What you are asked to do: For the records that follow, please set down exactly the lines between the one holding "Italian Perla Mini" and the one holding "Hooded sweatshirt Colorful", inclusive, and only those.

Dataset entries:
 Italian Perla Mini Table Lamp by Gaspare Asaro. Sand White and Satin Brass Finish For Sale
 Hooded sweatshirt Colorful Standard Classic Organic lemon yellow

--

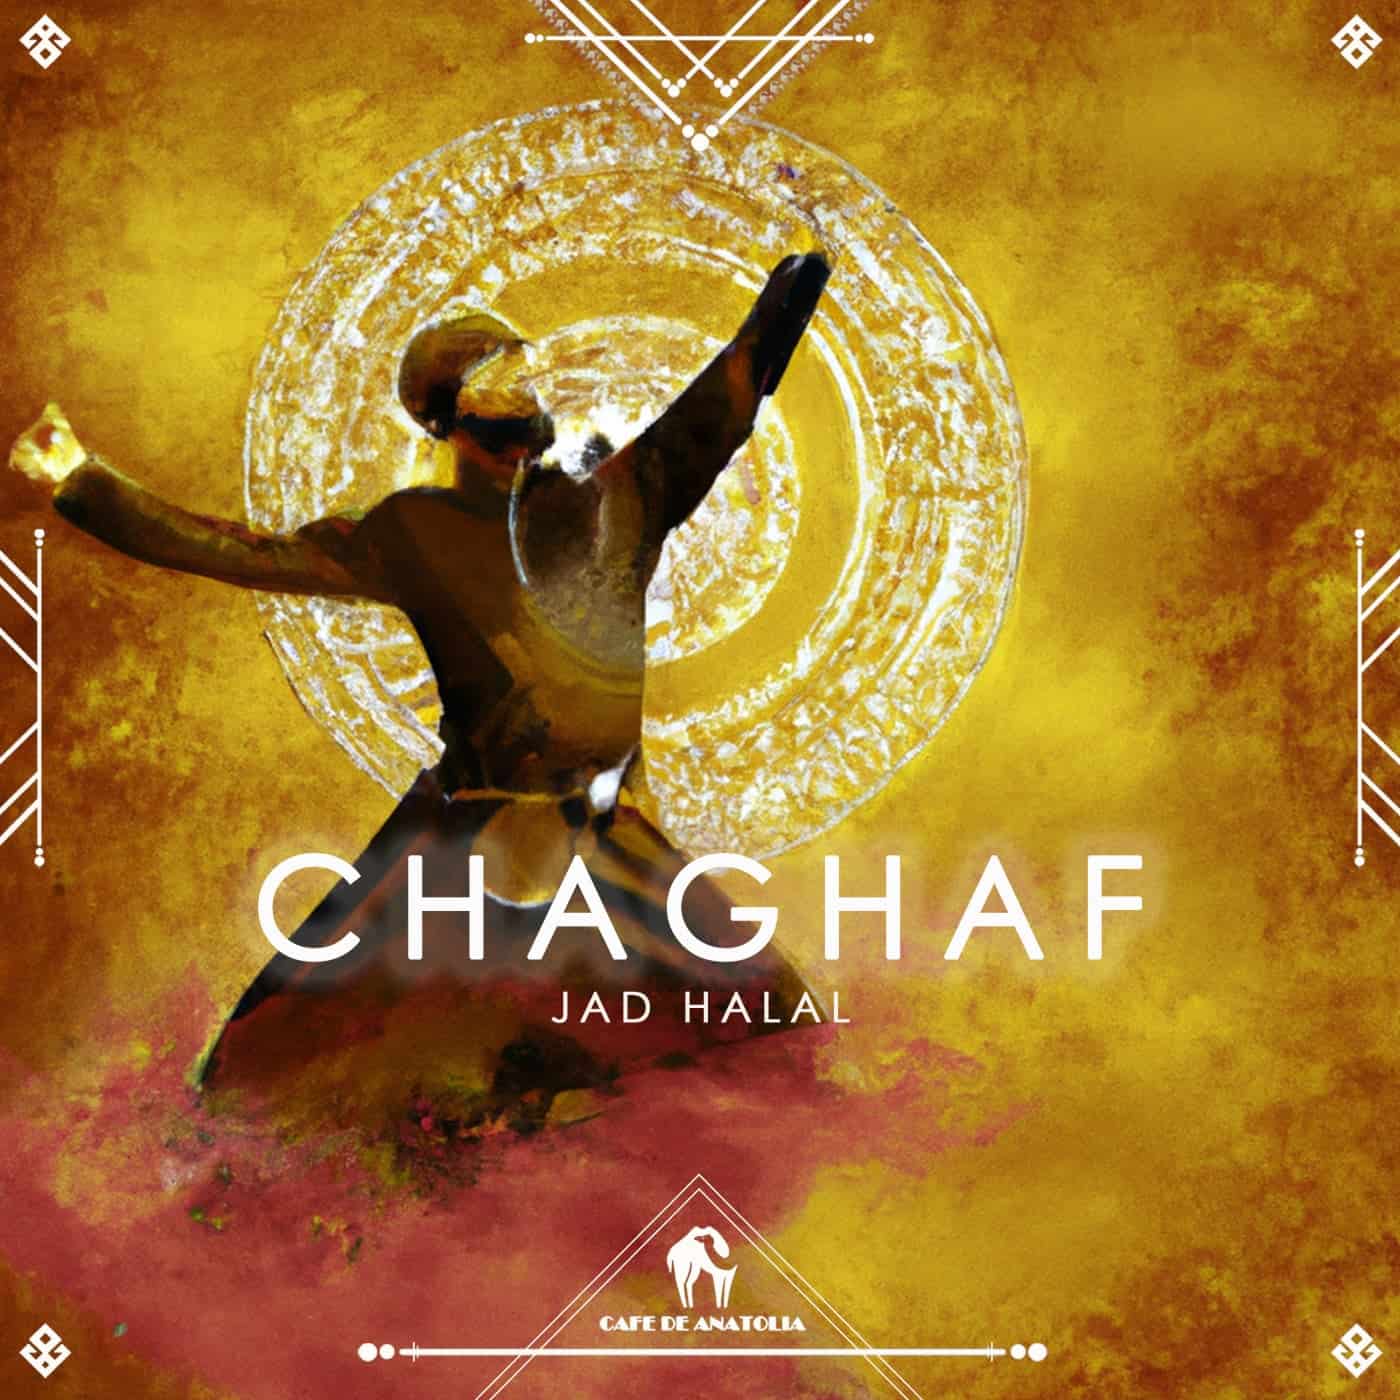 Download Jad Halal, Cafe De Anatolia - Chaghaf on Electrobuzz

--

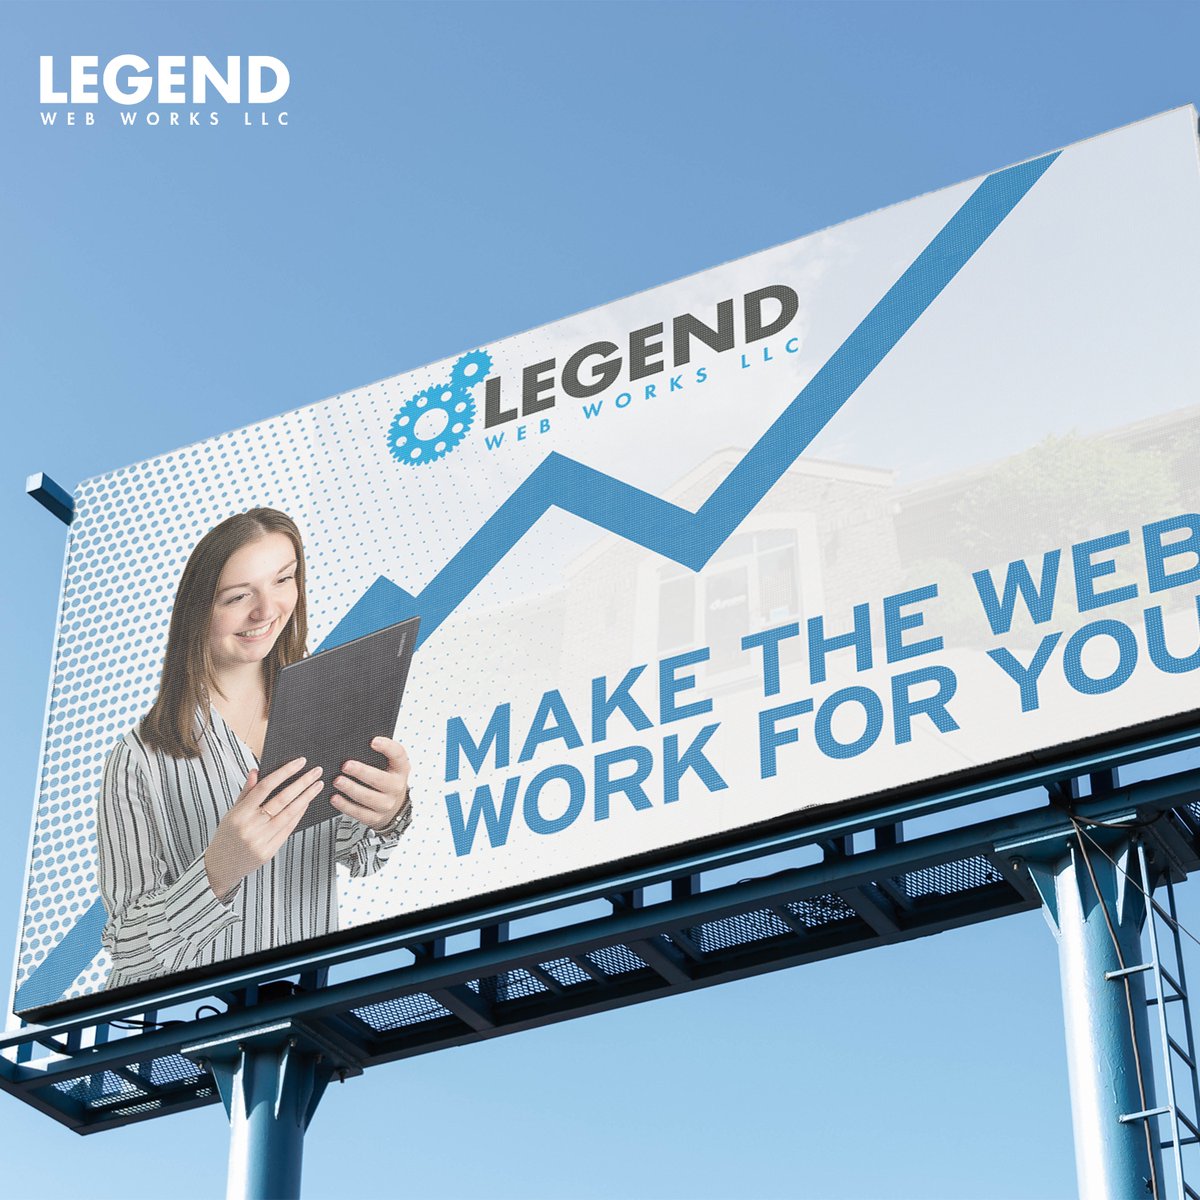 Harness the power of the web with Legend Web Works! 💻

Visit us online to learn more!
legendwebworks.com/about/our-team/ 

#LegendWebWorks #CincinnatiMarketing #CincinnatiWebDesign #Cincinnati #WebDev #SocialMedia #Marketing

Task answer:
 Italian Perla Mini Table Lamp by Gaspare Asaro. Sand White and Satin Brass Finish For Sale
 Hooded sweatshirt Colorful Standard Classic Organic lemon yellow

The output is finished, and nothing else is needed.